Aux yeux de Thomas*, haut fonctionnaire dans l’administration cantonale genevoise, la manière dont son employeur rémunère les heures supplémentaires de ses cadres supérieurs demeure opaque. Il n’en démord pas: «Aucun contrôle n’est véritablement effectué, nous ne timbrons pas et les chefs de service ont tout intérêt à valider les heures de leurs subordonnés pour démontrer qu’ils ne chôment pas auprès de leur propre supérieur». Selon lui, une majorité de ses collègues ne répond pas aux critères pour bénéficier du paiement de ces heures additionnelles. «Ou alors, il faut croire qu’ils sont si mal organisés qu’ils n’arrivent pas à abattre leur travail durant la semaine (de 40 heures, ndlr), ce qui est tout aussi problématique.» Un autre cadre renchérit: «Nous donnons nos heures sous forme d’un simple fichier Excel. C’est un peu léger.»

Pour mieux comprendre les griefs de ces employés, il faut revenir en 1999 où le modèle de rémunération – non généralisé – des heures supplémentaires des collaborateurs de l’Etat prit fin. Alors conseillère d’Etat chargée des finances, Micheline Calmy-Rey décida d’abolir cette pratique, source d’inégalité de traitement entre ceux qui enregistraient leur temps de travail et qui voyaient ainsi leurs heures supplémentaires être rémunérées; et ceux qui ne les enregistraient pas et voyaient donc leurs heures partir en fumée.
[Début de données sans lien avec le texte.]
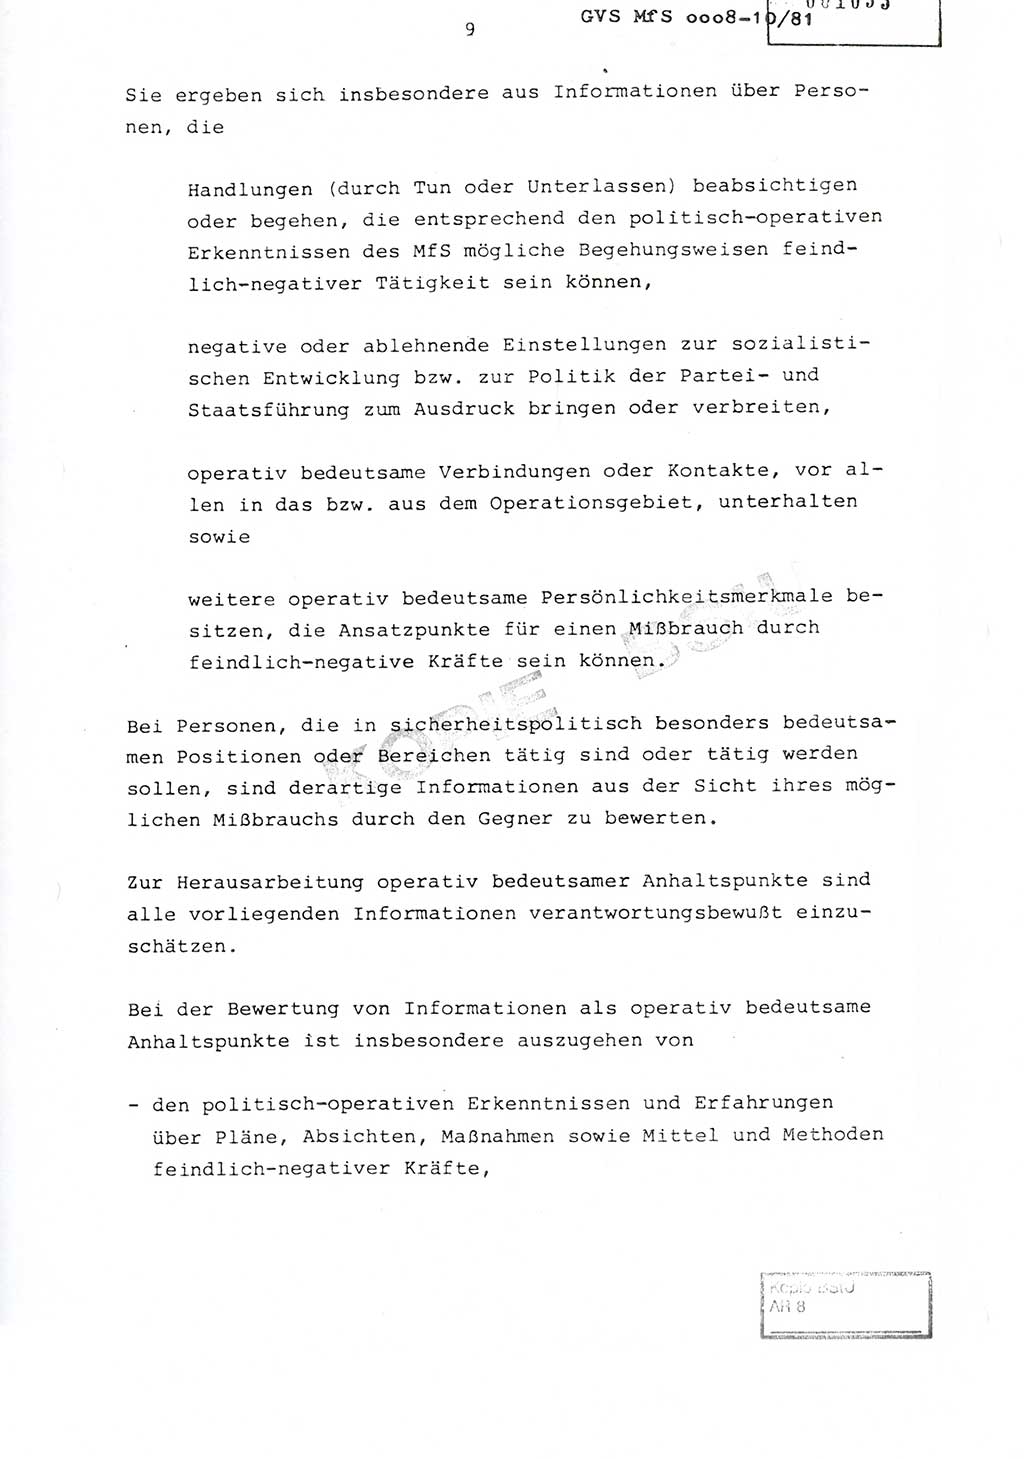 Richtlinie Nr. 1/81 über die operative Personenkontrolle (OPK), Ministerium für Staatssicherheit (MfS) [Deutsche Demokratische Republik (DDR)], Der Minister, Geheime Verschlußsache (GVS) ooo8-10/81, Berlin 1981, Blatt 9 (RL 1/81 OPK DDR MfS Min. GVS ooo8-10/81 1981, Bl. 9)

Presque 6 cadres sur 10 dépassent la centaine d’heures par année

Depuis, un nouveau système de rémunération a été instauré. Il ne concerne que les cadres supérieurs, soit ceux qui occupent une fonction située en classe 23 (ou plus) d’un escalier salarial qui dénombre 33 marches. Annuellement, ces hauts cadres peuvent percevoir un revenu brut qui oscille entre 120 894 francs et 253 850 francs, étant précisé qu’une majorité des cadres se trouvent entre la classe 23 et 27. En l’échange d’une sixième semaine de vacances, ces derniers ne touchent aucune rémunération additionnelle si leur nombre d’heures supplémentaires n’excède pas la centaine par année. En cas de dépassement, l’Etat leur octroie l’équivalent de 2% de leur salaire annuel brut, voire 3% s’ils ont accumulé plus de 200 heures supplémentaires. En 2015, selon les derniers chiffres publiés par l’administration, l’Etat de Genève a consacré 2,945 millions de francs à ce dessein. L’Etat dénombrait alors 1217 cadres supérieurs, soit 7,06% des 17 216 collaborateurs employés par le canton.

Les reproches de Thomas sont-ils fondés? Deux éléments semblent corroborer cette opinion. D’abord, le pourcentage de cadres supérieurs ayant vu leurs heures supplémentaires être rémunérées est toujours élevé. En 2015, il s’élevait à presque 56% contre 57% en 2010, alors que l'Etat lui-même affirme que «les heures supplémentaires doivent constituer une exception». Ensuite, même la Cour des comptes, organe de contrôle de la machinerie étatique, reconnaissait à la suite d’un audit de gestion réalisé en 2010 que l’octroi de cette indemnité ne se faisait pas «sur la base de relevés horaires détaillés, mais par l’appréciation de la hiérarchie». «Or, […] le bien-fondé des appréciations de la hiérarchie ne peut pas être vérifié», relevait encore la Cour constatant que «le nombre d’heures effectivement réalisées par les cadres concernés n’est pas documenté, même de manière approximative, que ce soit de manière journalière, hebdomadaire ou mensuelle».

Un système basé «en partie» sur la confiance

Contacté, le Département des finances rappelle d’abord que le système actuel demeure «nettement plus économique» que la pratique qui prévalait. En 1999, Micheline Calmy-Rey avançait qu’une généralisation de l’ancien régime des heures supplémentaires aurait coûté «plus de 3 millions de francs par année». Il concède que ce système fonctionne «en partie» sur la confiance «même si les activités et l’atteinte des objectifs sont aujourd’hui assez strictement balisées». Mais le département doute qu’un cadre puisse abuser à ce point-là de cette confiance sans susciter des interrogations parmi son entourage professionnel. Thomas, lui, persiste: «Personne n’a intérêt à voir cette pratique disparaître. Les subalternes sont récompensés pendant que leur supérieur peut se vanter d’avoir une équipe qui bosse dur. Tout le monde est gagnant». Sauf peut-être le contribuable.